• [TASK OBJECTIVE]
Go through the listing that follows and write it out exactly. Drop the pictures.

• [DATA SHOWN]
+++
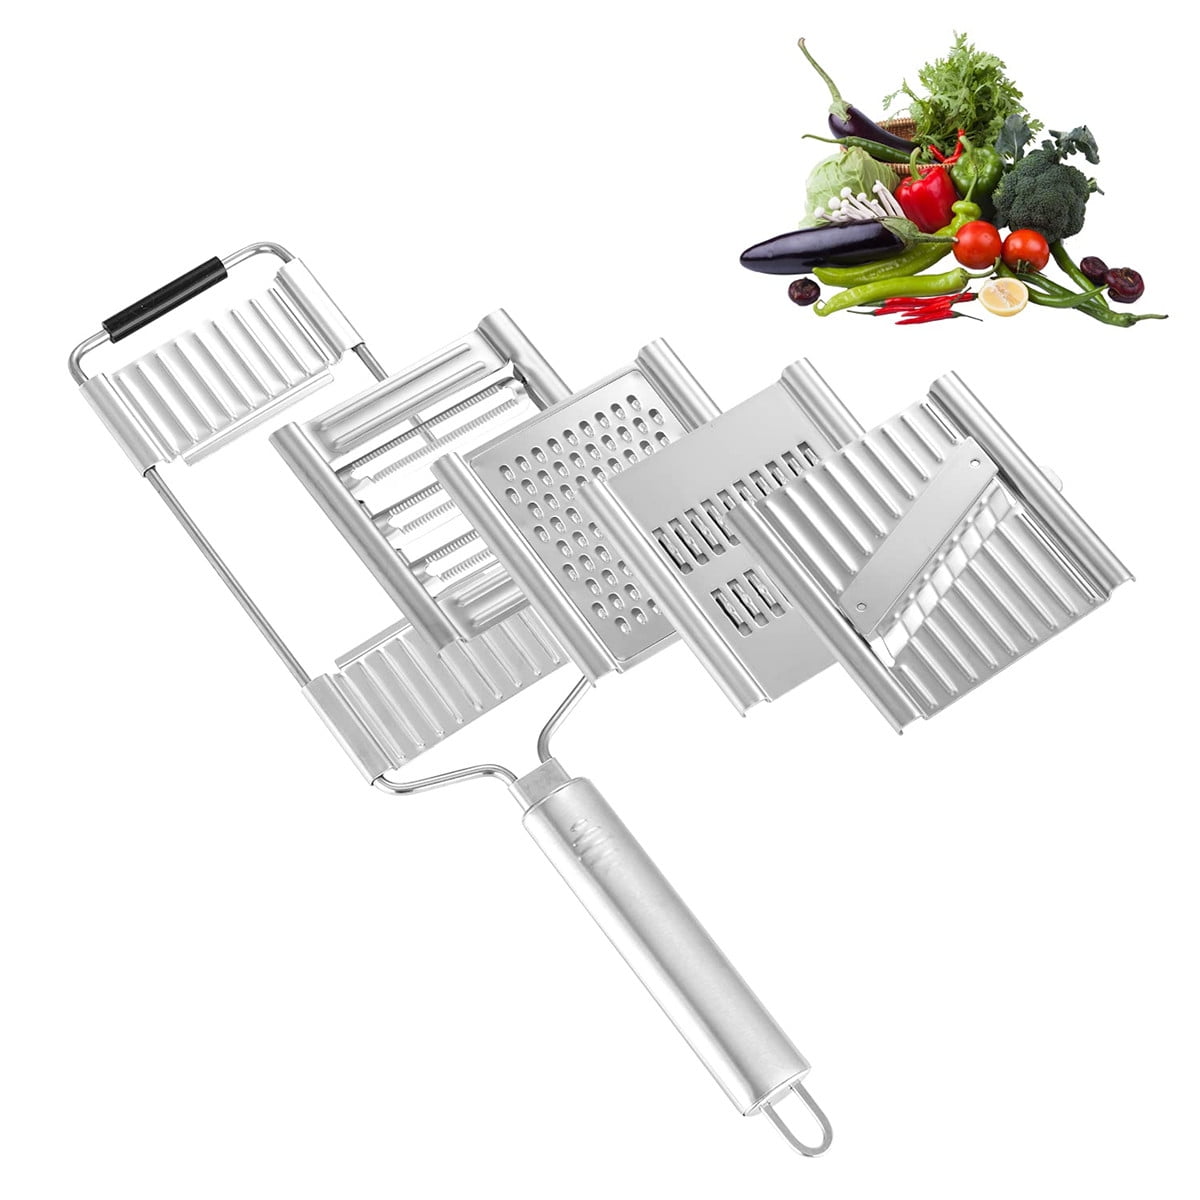 Suuker Vegetable Slicer Set,Stainless Steel Cheese Grater & Vegetable  Chopper with 4 adjustable Blades for Vegetables, Fruits,Hand-held Shredder
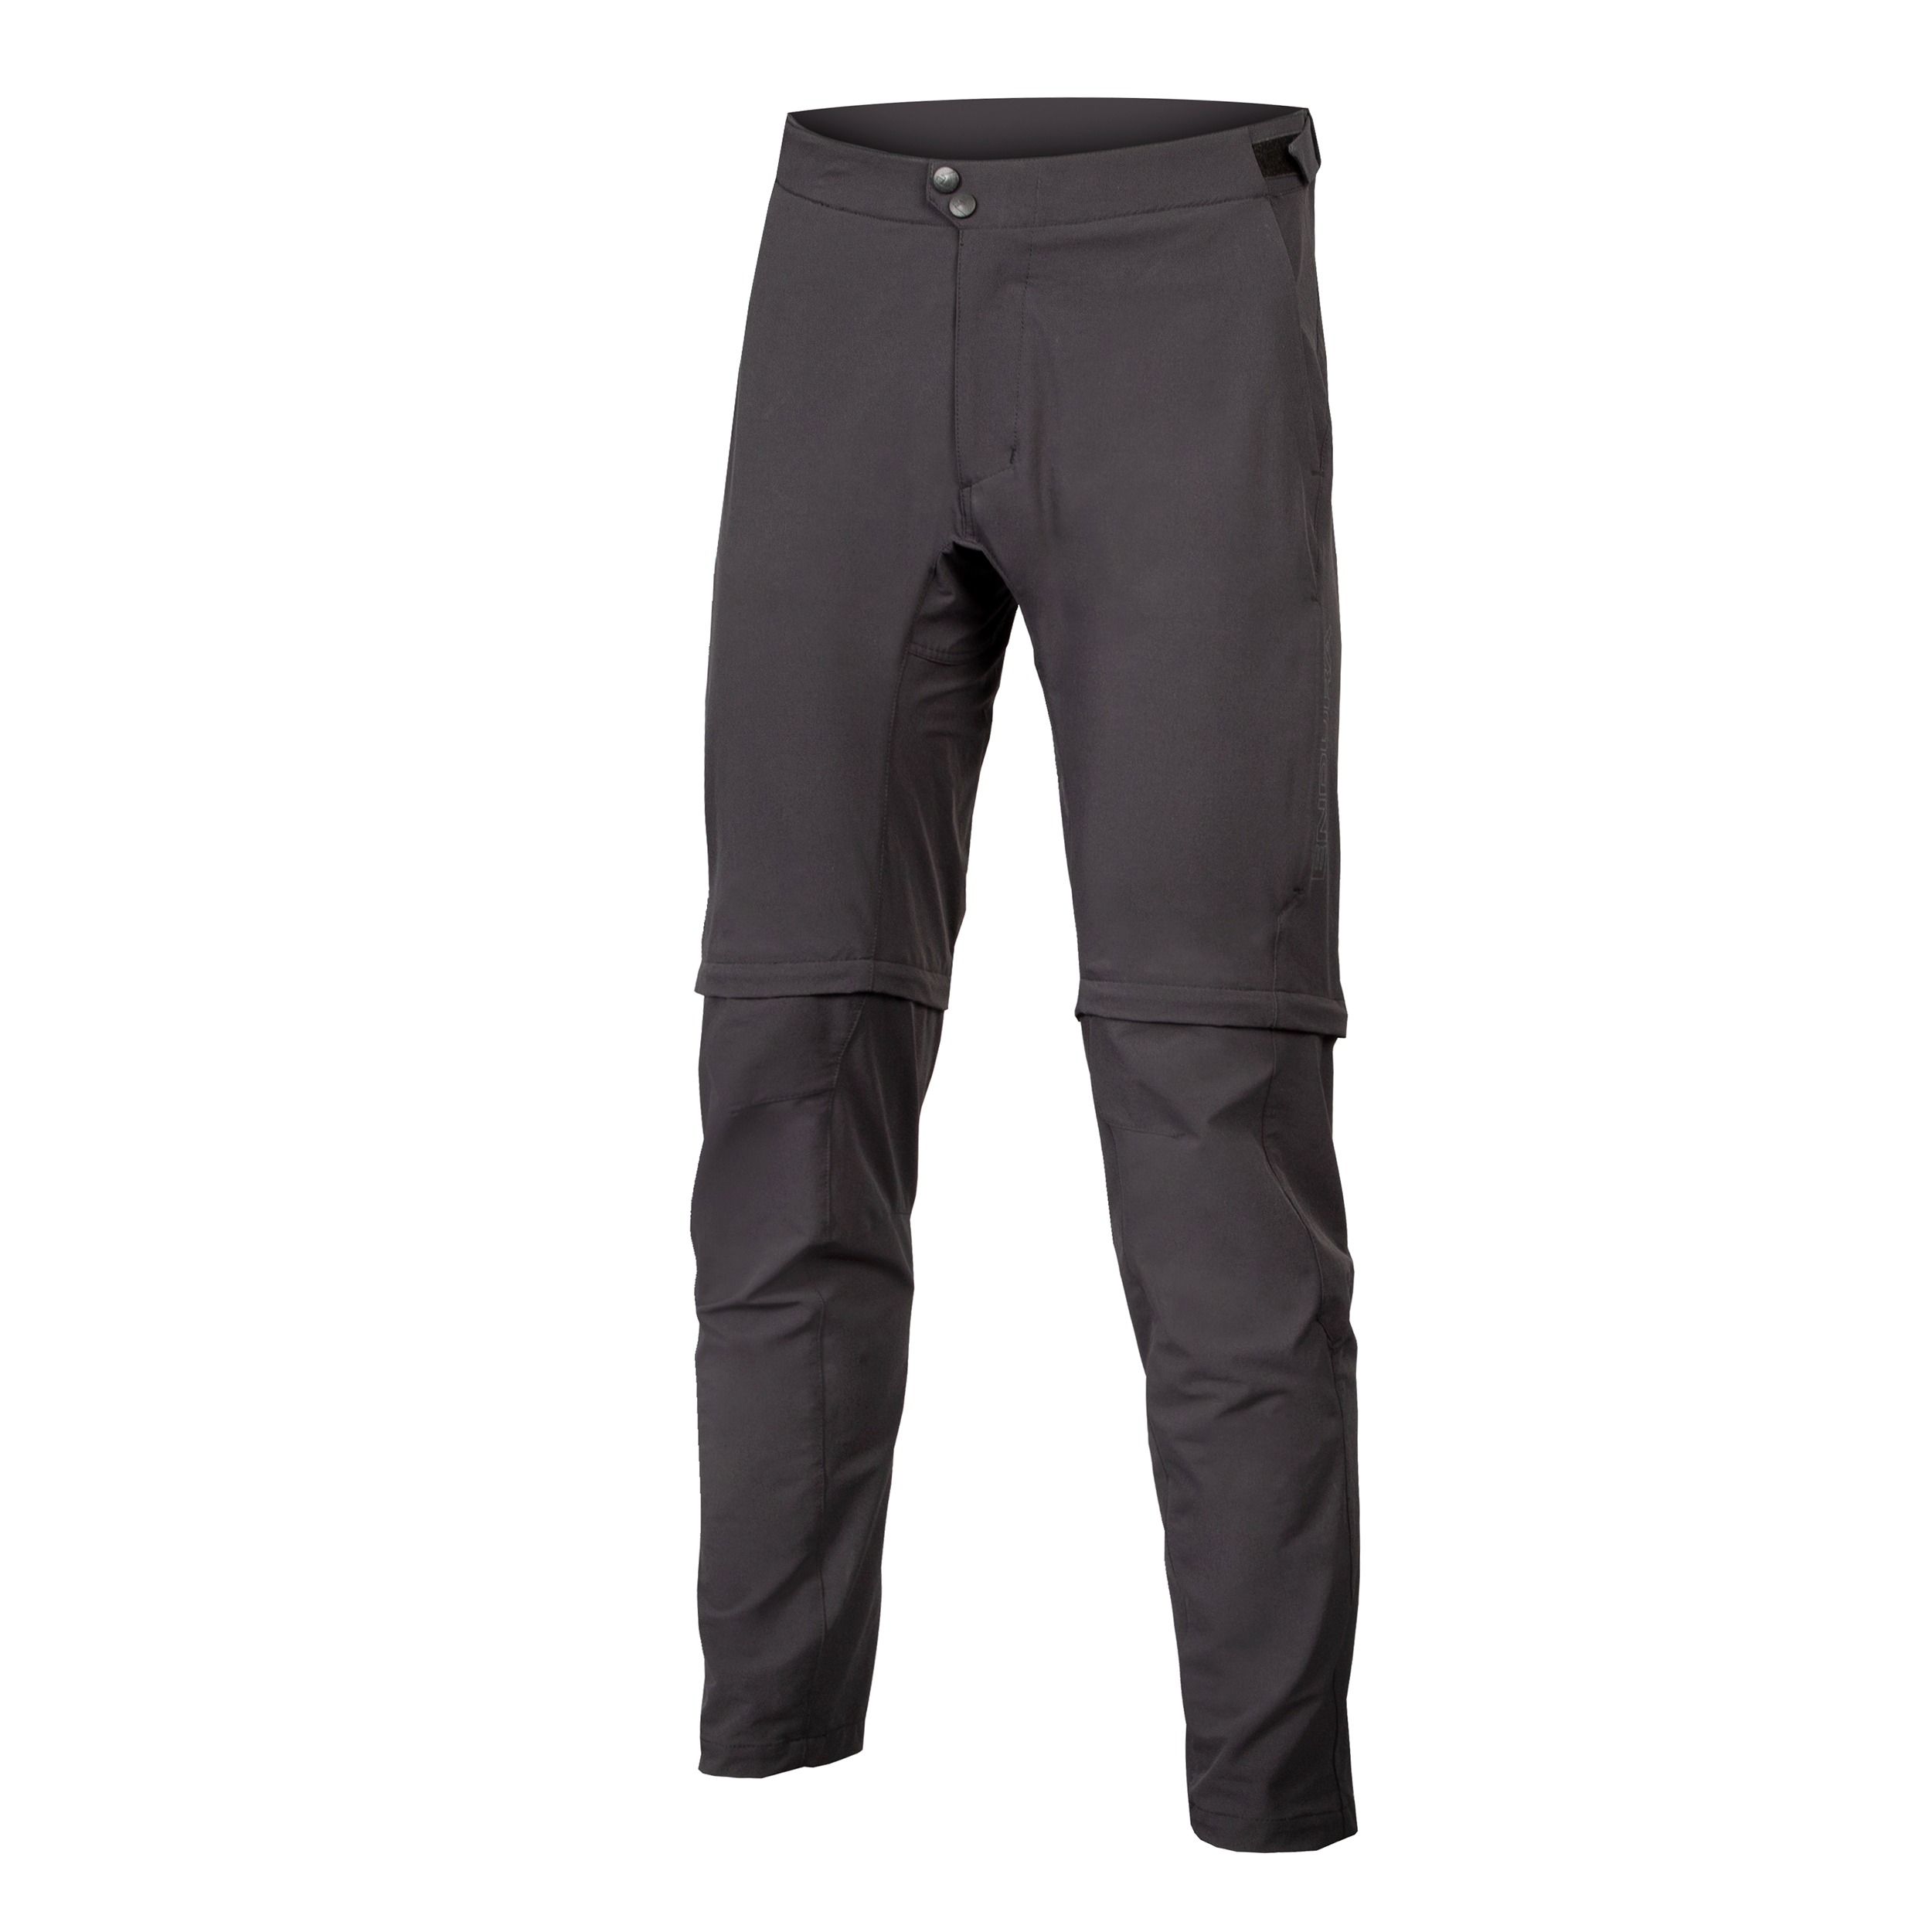 Endura Gv500 ZIP-OFF Trousers - £99.99 | Trousers | Cyclestore
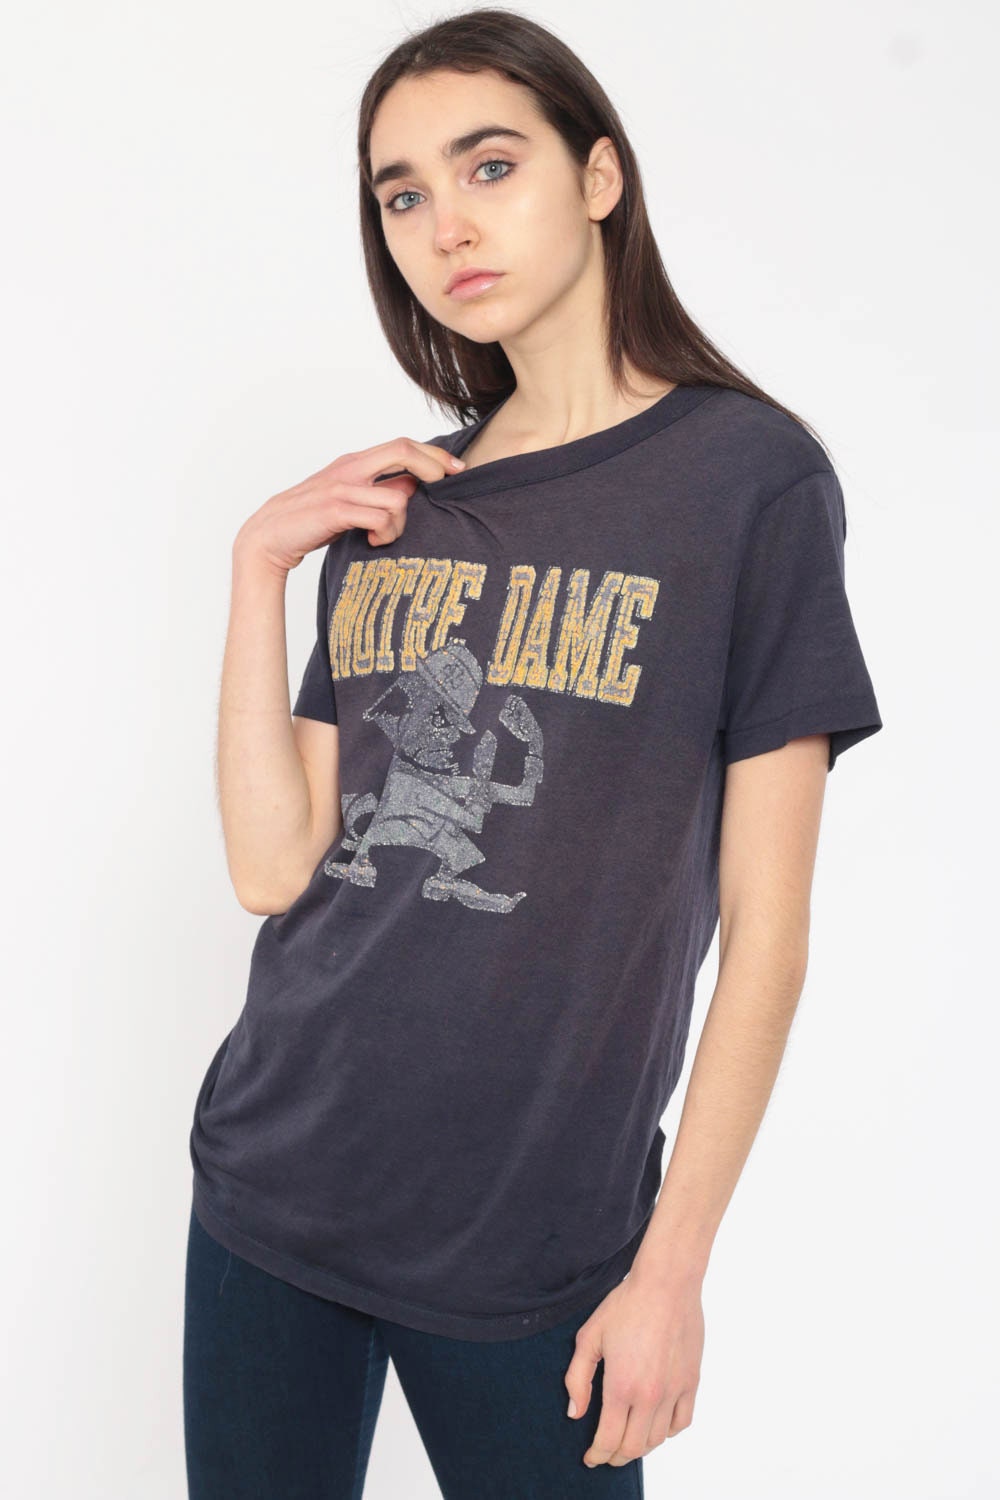 Vintage Notre Dame Shirt Distressed Champion College Football Tshirt
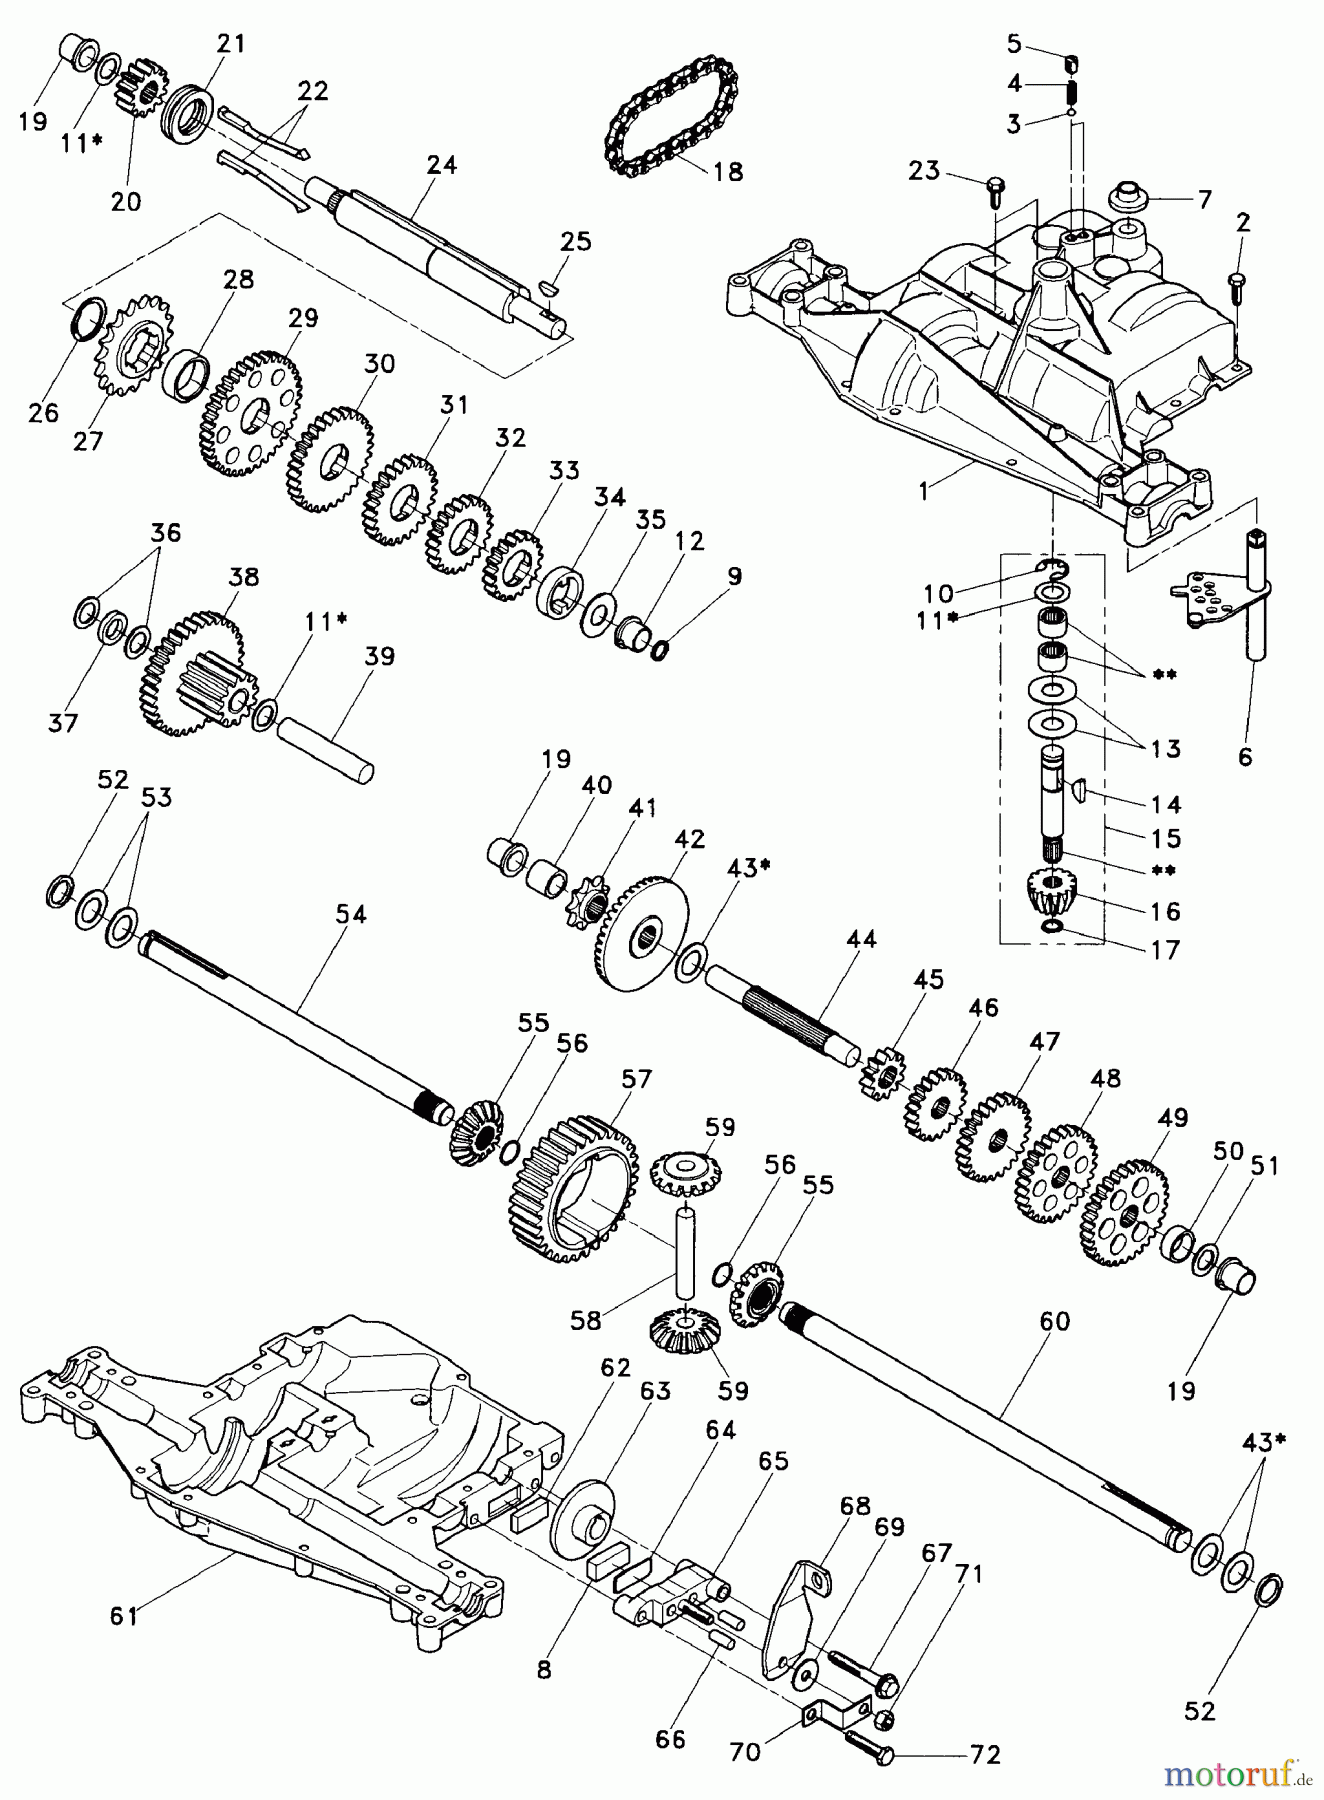  Husqvarna Rasen und Garten Traktoren LR 120 (954830051A) - Husqvarna Lawn Tractor (1995-08 & After) Dana Transaxle (Model No. 4360-78)
+++
• [WRITTEN ANSWER]
 Suuker Vegetable Slicer Set,Stainless Steel Cheese Grater & Vegetable  Chopper with 4 adjustable Blades for Vegetables, Fruits,Hand-held Shredder
 Endura Gv500 ZIP-OFF Trousers - £99.99 | Trousers | Cyclestore
 Vintage Notre Dame Shirt Distressed Champion College Football Tshirt
  Husqvarna Rasen und Garten Traktoren LR 120 (954830051A) - Husqvarna Lawn Tractor (1995-08 & After) Dana Transaxle (Model No. 4360-78)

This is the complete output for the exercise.